Leah had a growing sense of dread. Rick had gone strangely pale, his fingers rifling through his hair.

“They pulled him out of the boot,” he continued in a strained voice. “Just another, like me, a nobody, who had been foolish enough to take backhanders, pocketing money collected from the protection racket they ran. Caught, red-handed.”

“Oh, no,” said Leah horrified. “They killed him?”

“Not quite. Nearly. It is what I dream about, my nightmares come from that day and what I witnessed. I came so close to panicking, running off. I knew I couldn’t, I had to wait. I held out, drove the boss home, and then I threw up.”

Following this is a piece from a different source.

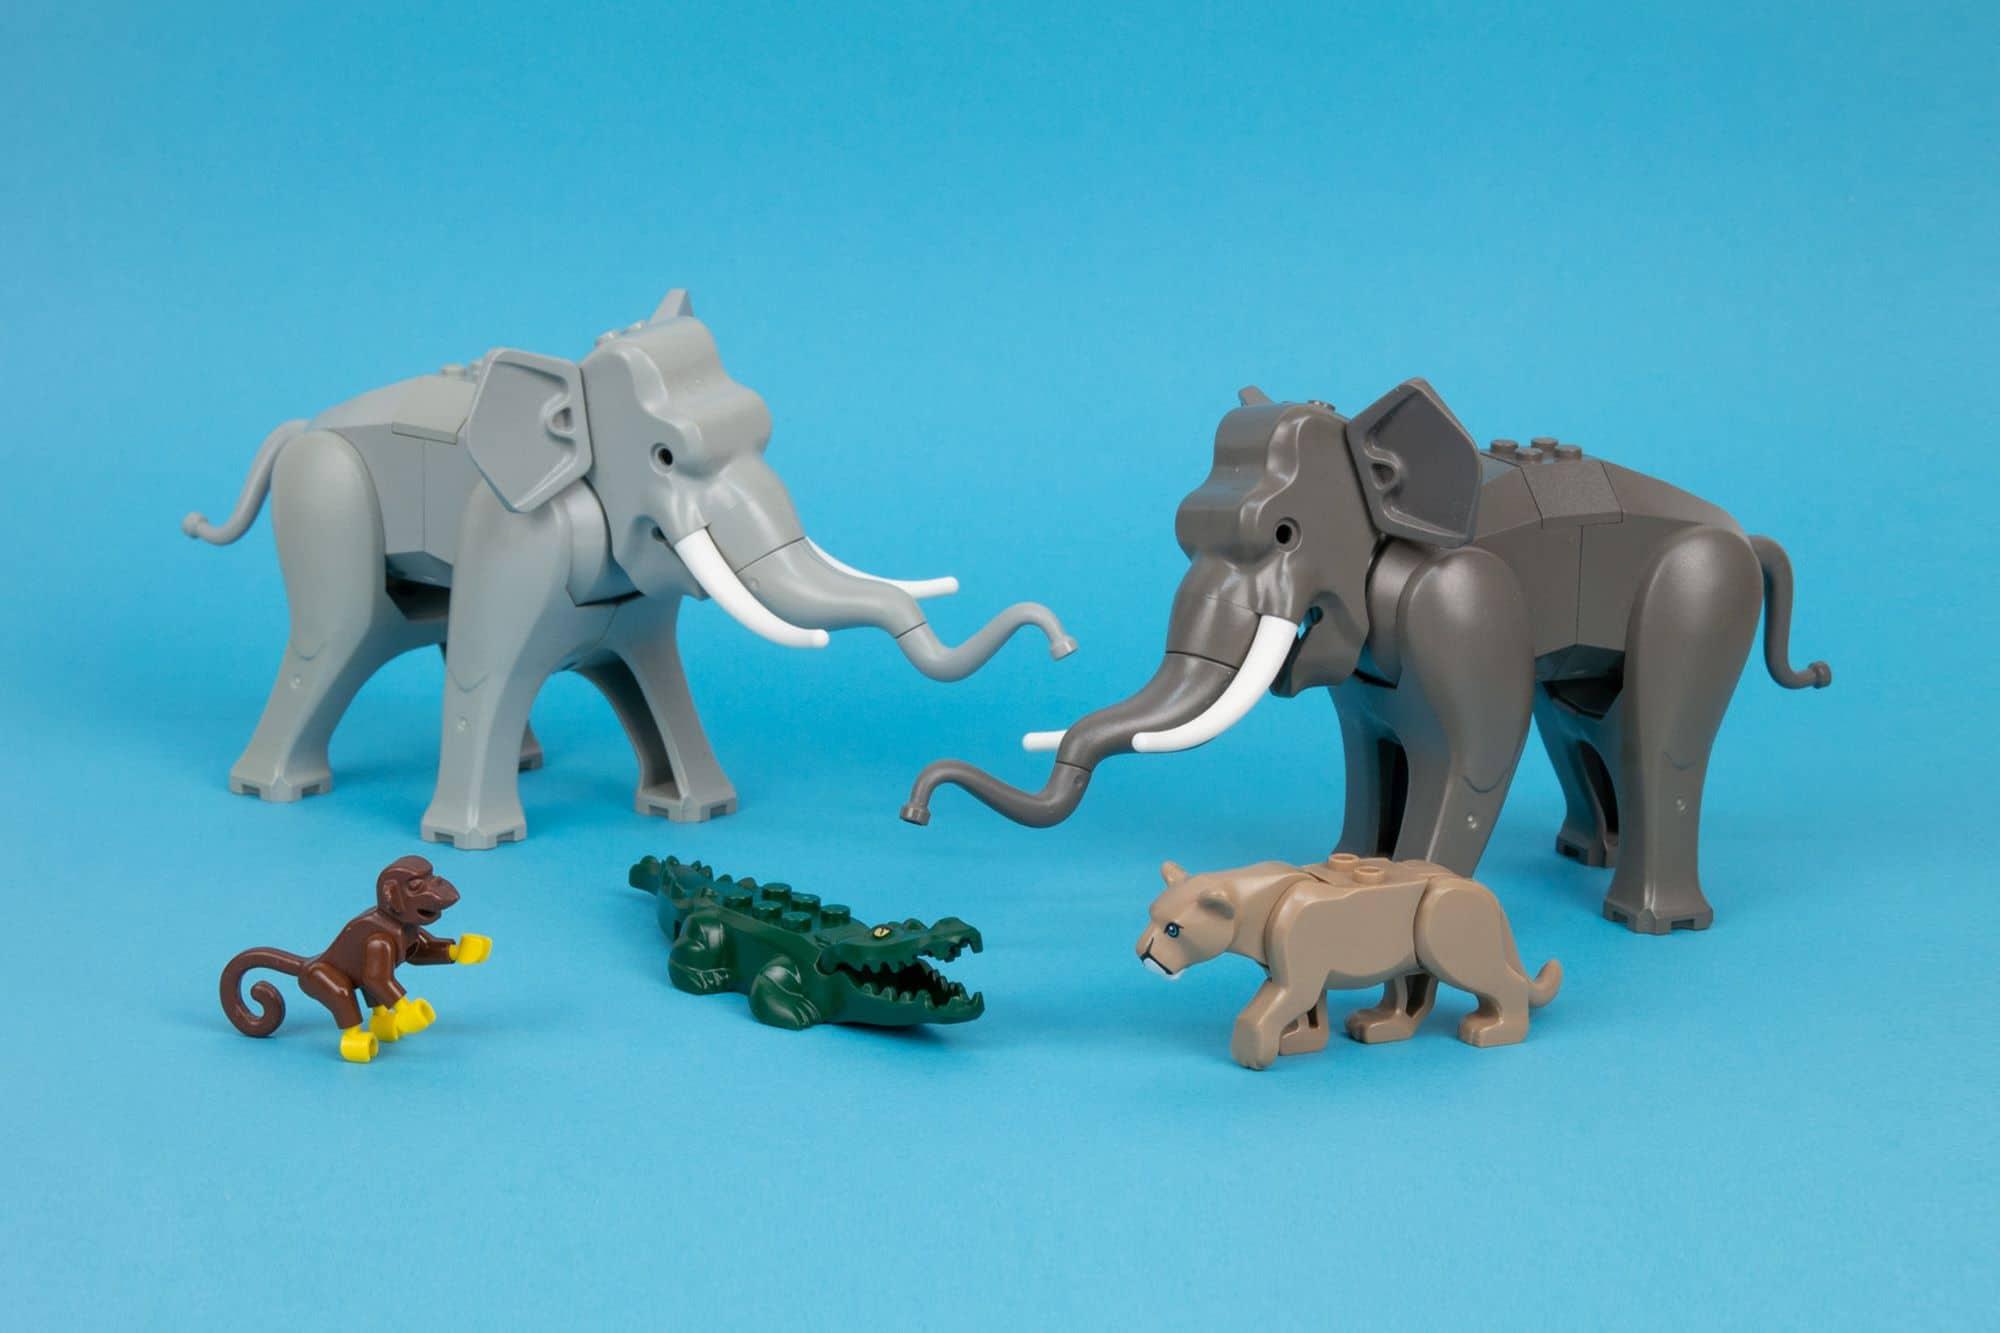 LEGO City 2021 Tierrettung Elefanten Platzhalter

“Thank goodness you left then.”

Rick sighed, a despondent noise. “Oh, I left, ran for it. It wasn’t that easy to do. They had my passport. At some point, they searched my belongings and took it. I asked for it back; they told me I couldn’t have it and that I was part of their family now. I couldn’t just leave, I knew too much. I had one friend out there, a true mate. He knew I was an outsider, and he understood I had not appreciated the nature of the people I worked for until it was too late. Sympathetic, he was able to get my passport back. He took me to the port and put me on a ferry to Naples. Giuseppe then fed some story that I had run off with a visiting tourist, had eloped. I came back to Liverpool believing it would be safe here; I didn’t think they would bother with me.”

“And now?”

“I was wrong. They don’t forget. This trust, this silence you must honour, I have broken it. I stayed in contact with Giuseppe, those telephone conversations in Italian, and he tried to cover my tracks. Then some big drug operation went wrong, busted, and they want to blame somebody. My name came up. I haven’t heard from Giuseppe for three weeks—he lives with his mother, and she doesn’t know where he is. I fear for him. Now I suspect they have found my whereabouts from him.”

“You could be wrong about all this, Rick. What if nobody followed us? The men today, perhaps they were just local hoodlums. Or maybe I’m the target and it is nothing to do with you. I don’t make a deal about it, but I’m worth a lot of money.”

“From your description, they don’t sound local. The clothing, their appearance…”

“What are we going to do?”

“I don’t know. I have to keep you safe,” said Rick, reaching out his hand.

Leah took it, returning to the comfort of his embrace.

“Perhaps I should go again,” he said carefully.

Her response was to thump him hard in the chest with her hands. “No!” said Leah. “You’re not leaving me again!”

“I can’t make promises, Leah,” He took her wrists, curling his fingers around their slender circumference, feeling her slightness.

Tears returned to her eyes. “Don’t leave me, Rick,” she said.

Rick kissed the palm of a hand, inhaling her scent. “I’m sorry. I have brought this on you. We’ll have to be extra careful. You will have to do everything I tell you. No messing about.”

“I will. I promise,” she said with sincerity.

At bedtime, Rick checked and rechecked the doors and windows. The gate to the driveway was shut and bolted, something they had never bothered to do in the friendly neighbourhood.

During the commute to work the next day, his eyes darted about, always looking behind to see if anyone was following. He now believed they had been tailed, probably to locate her house, maybe not the exact location, but sufficiently close to catch her at the shops. He told her to sit in the back of the car, not the front, and she obeyed him without question.